---- Data segment
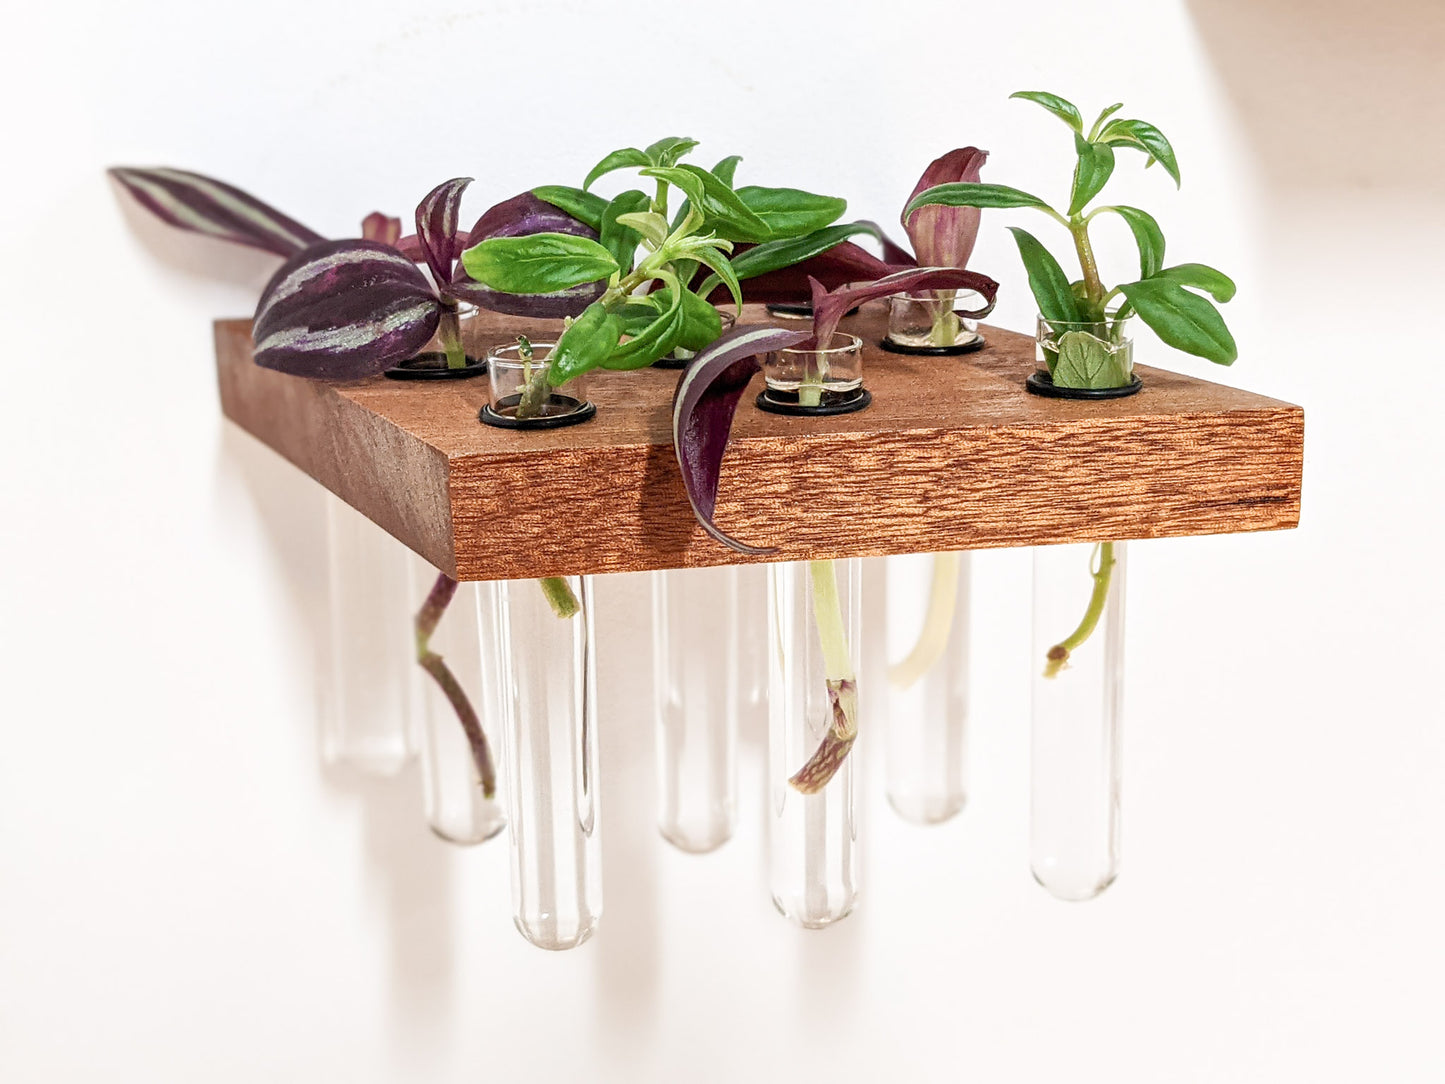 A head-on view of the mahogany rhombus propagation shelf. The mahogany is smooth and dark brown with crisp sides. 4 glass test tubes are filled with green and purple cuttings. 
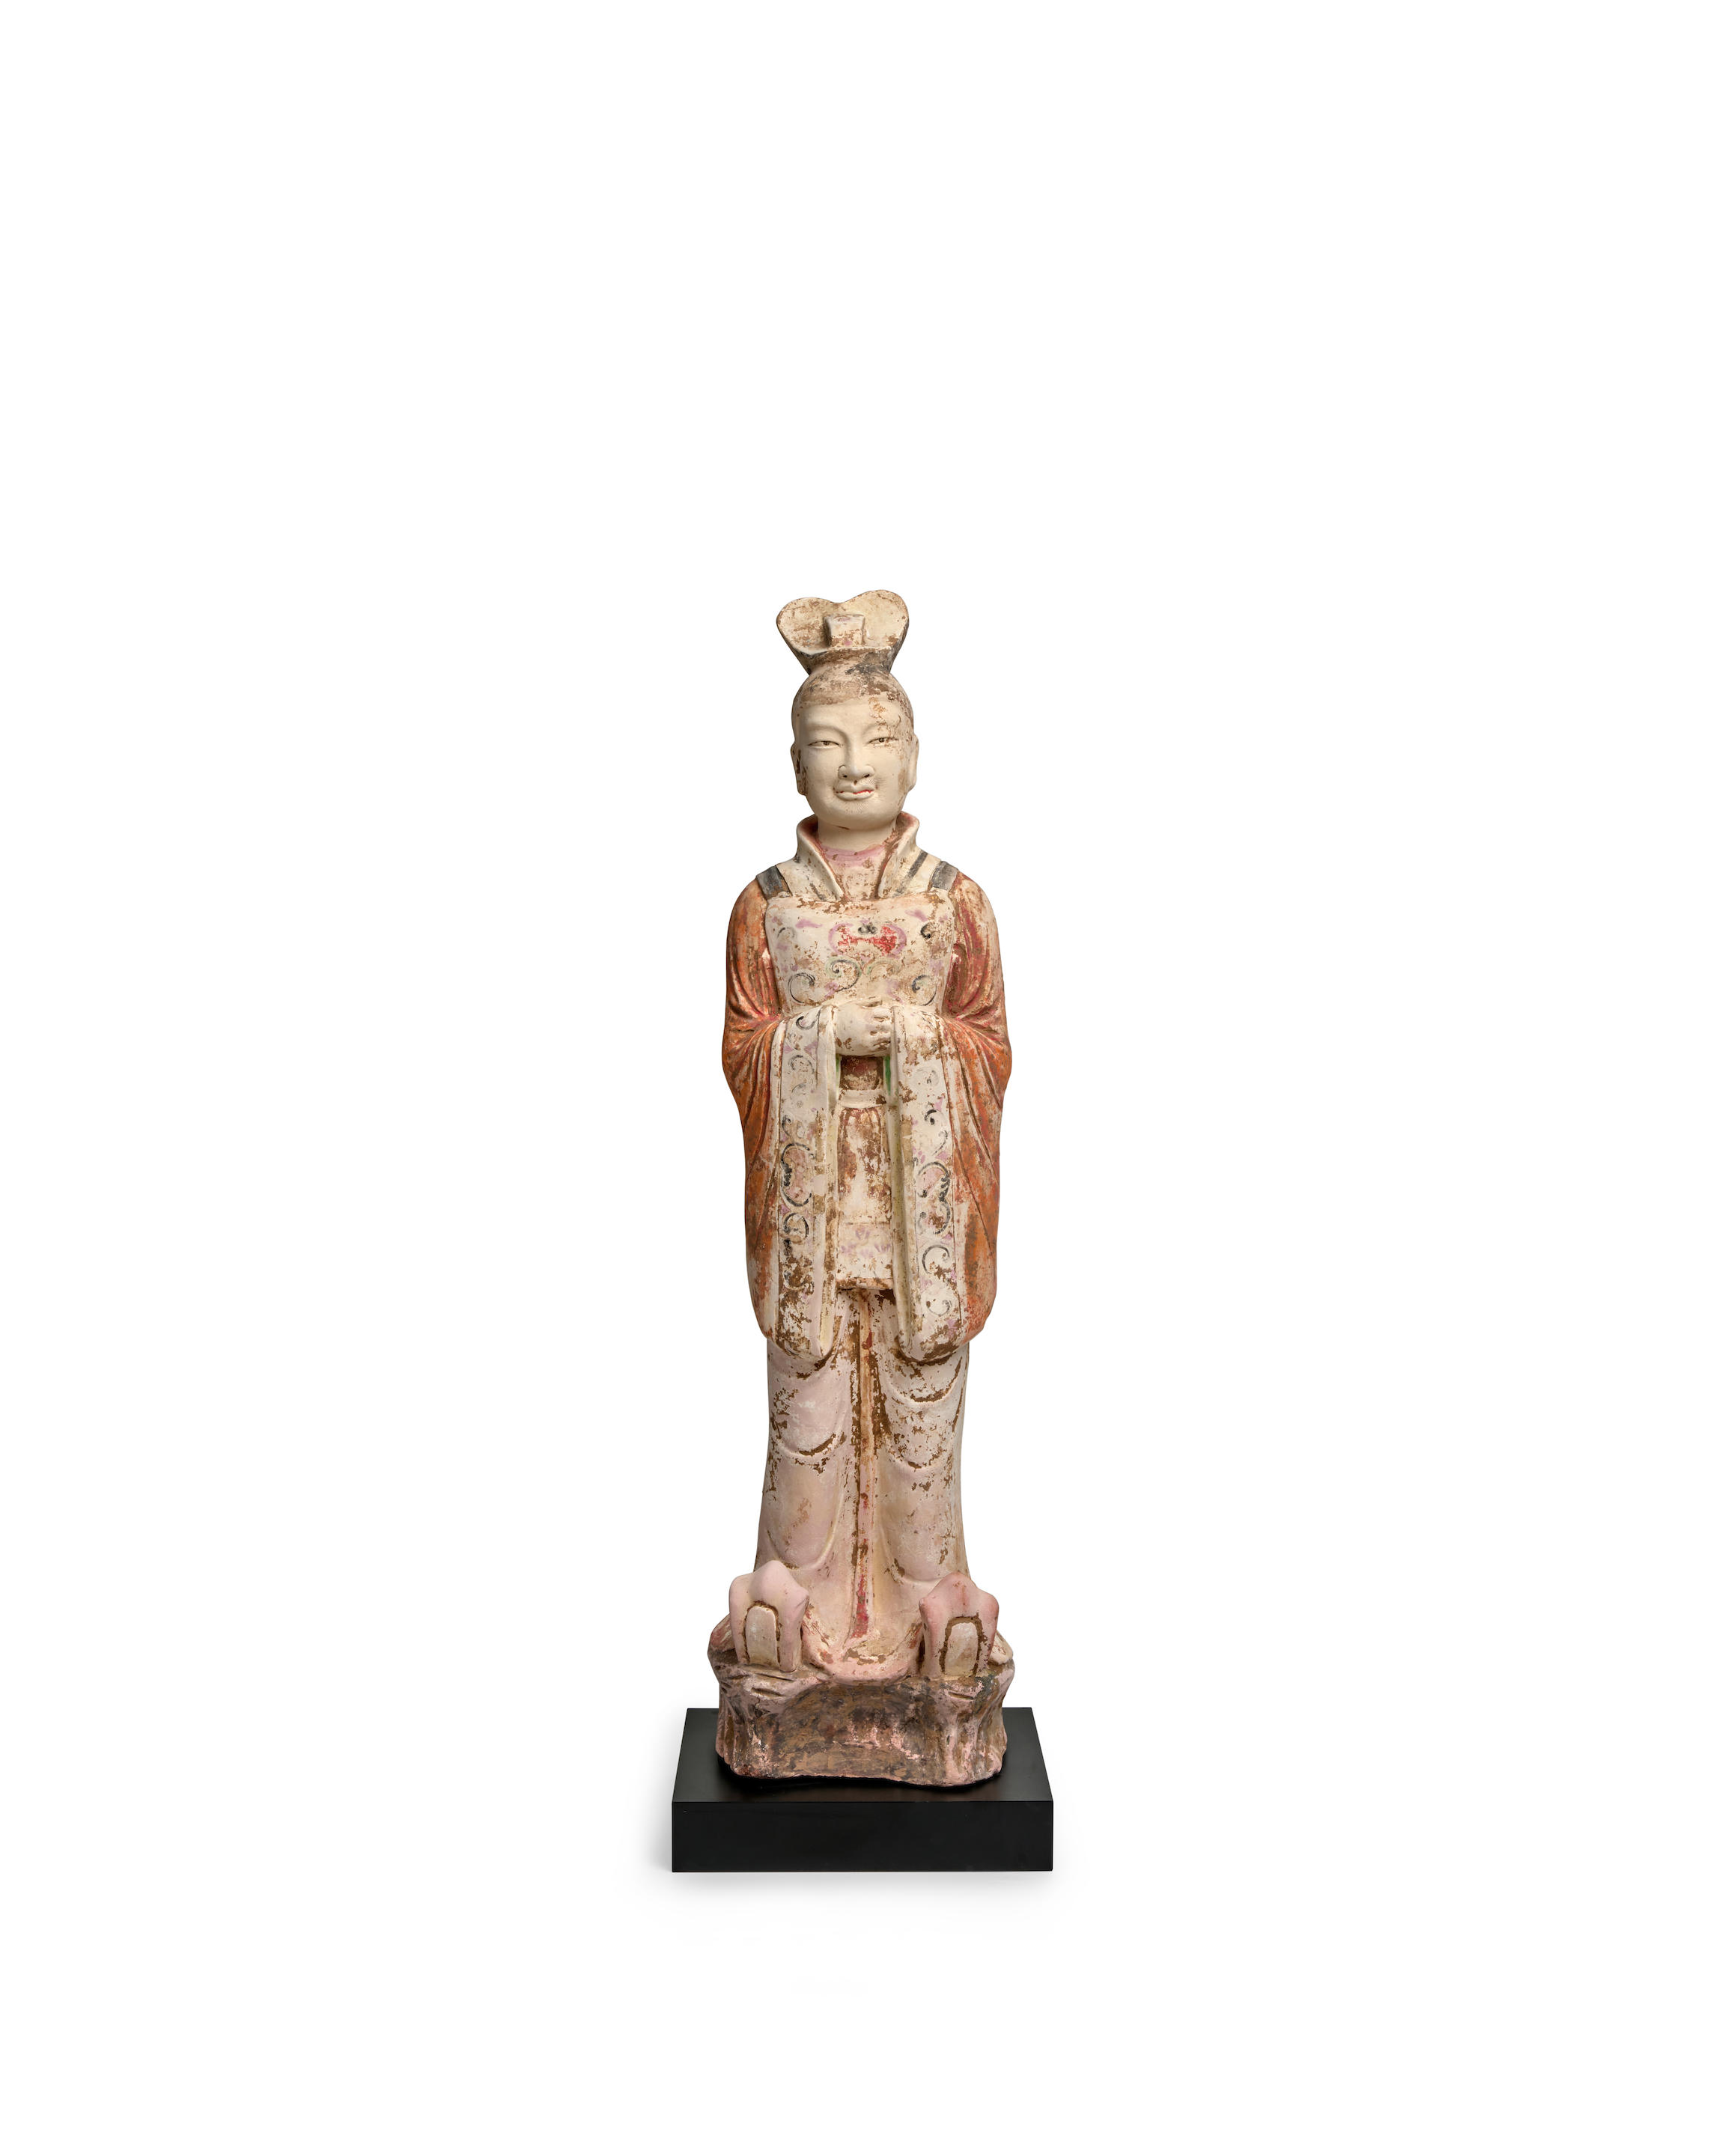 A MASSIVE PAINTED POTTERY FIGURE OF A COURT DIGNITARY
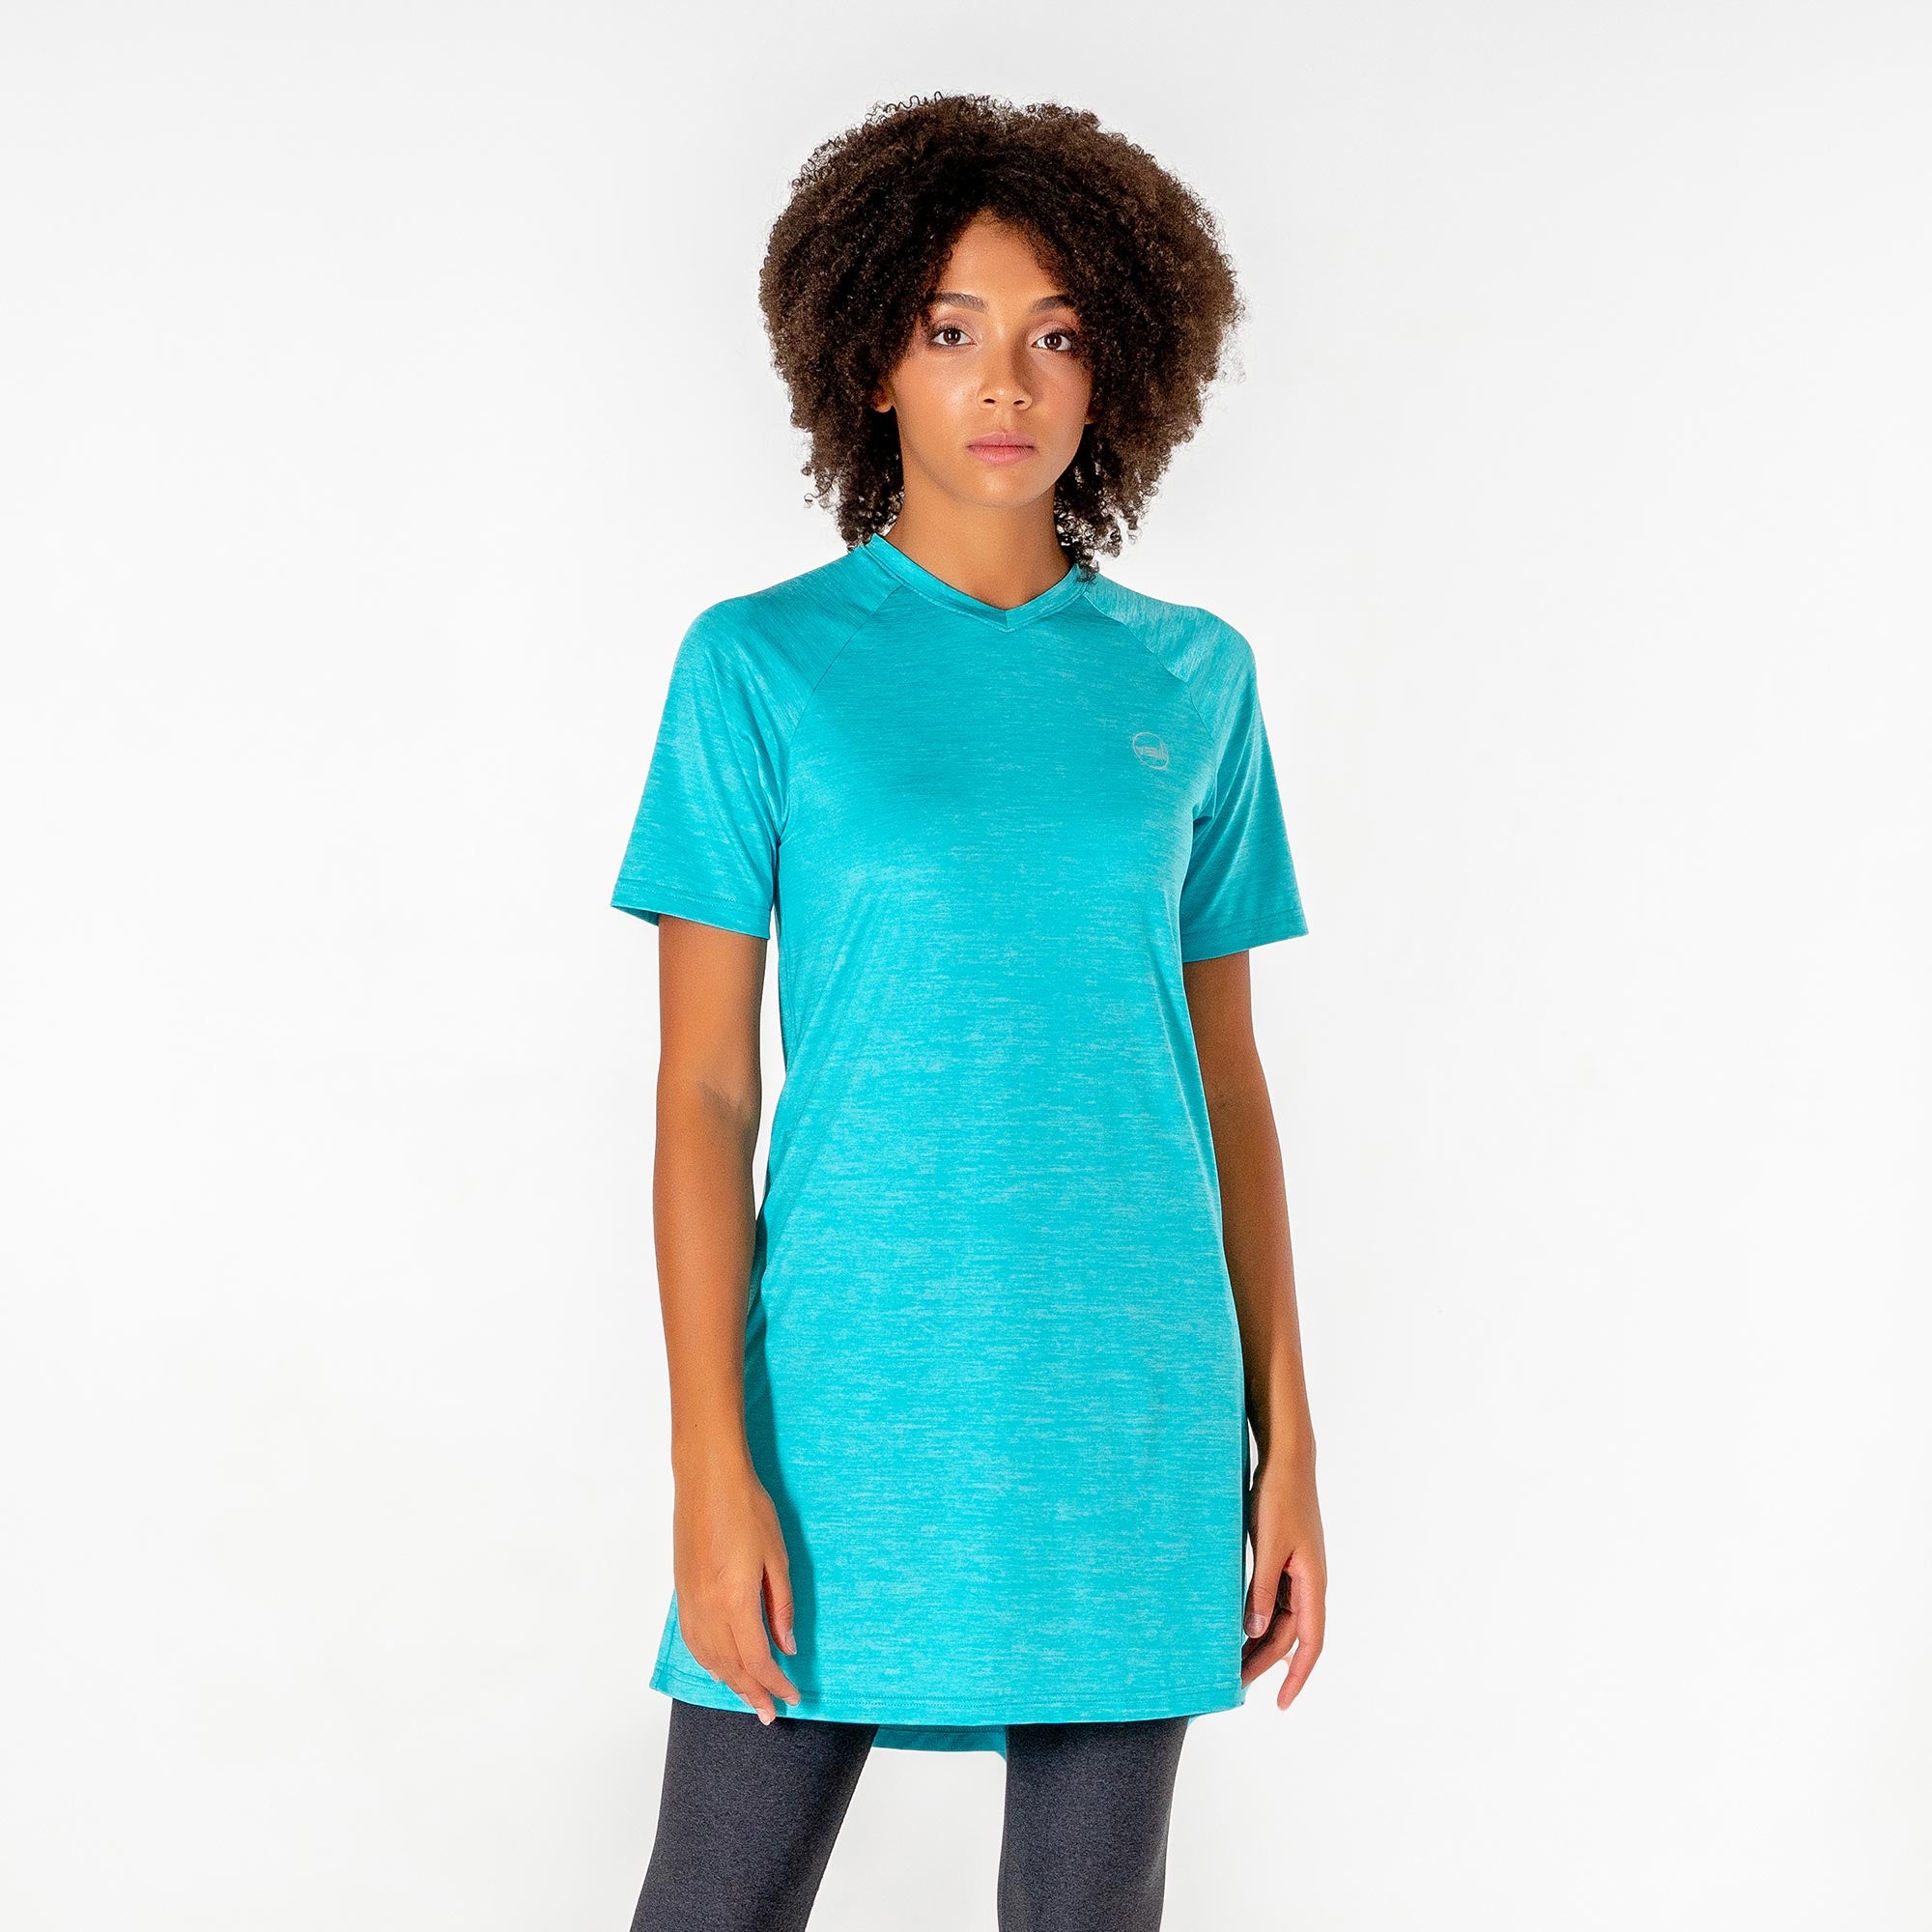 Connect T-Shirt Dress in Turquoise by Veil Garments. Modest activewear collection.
--------
Exactly and only the lines from the one holding "A MASSIVE PAINTED" through the final line of the material must be returned, both ends included, without any pictures.

 A MASSIVE PAINTED POTTERY FIGURE OF A COURT DIGNITARY
 Connect T-Shirt Dress in Turquoise by Veil Garments. Modest activewear collection.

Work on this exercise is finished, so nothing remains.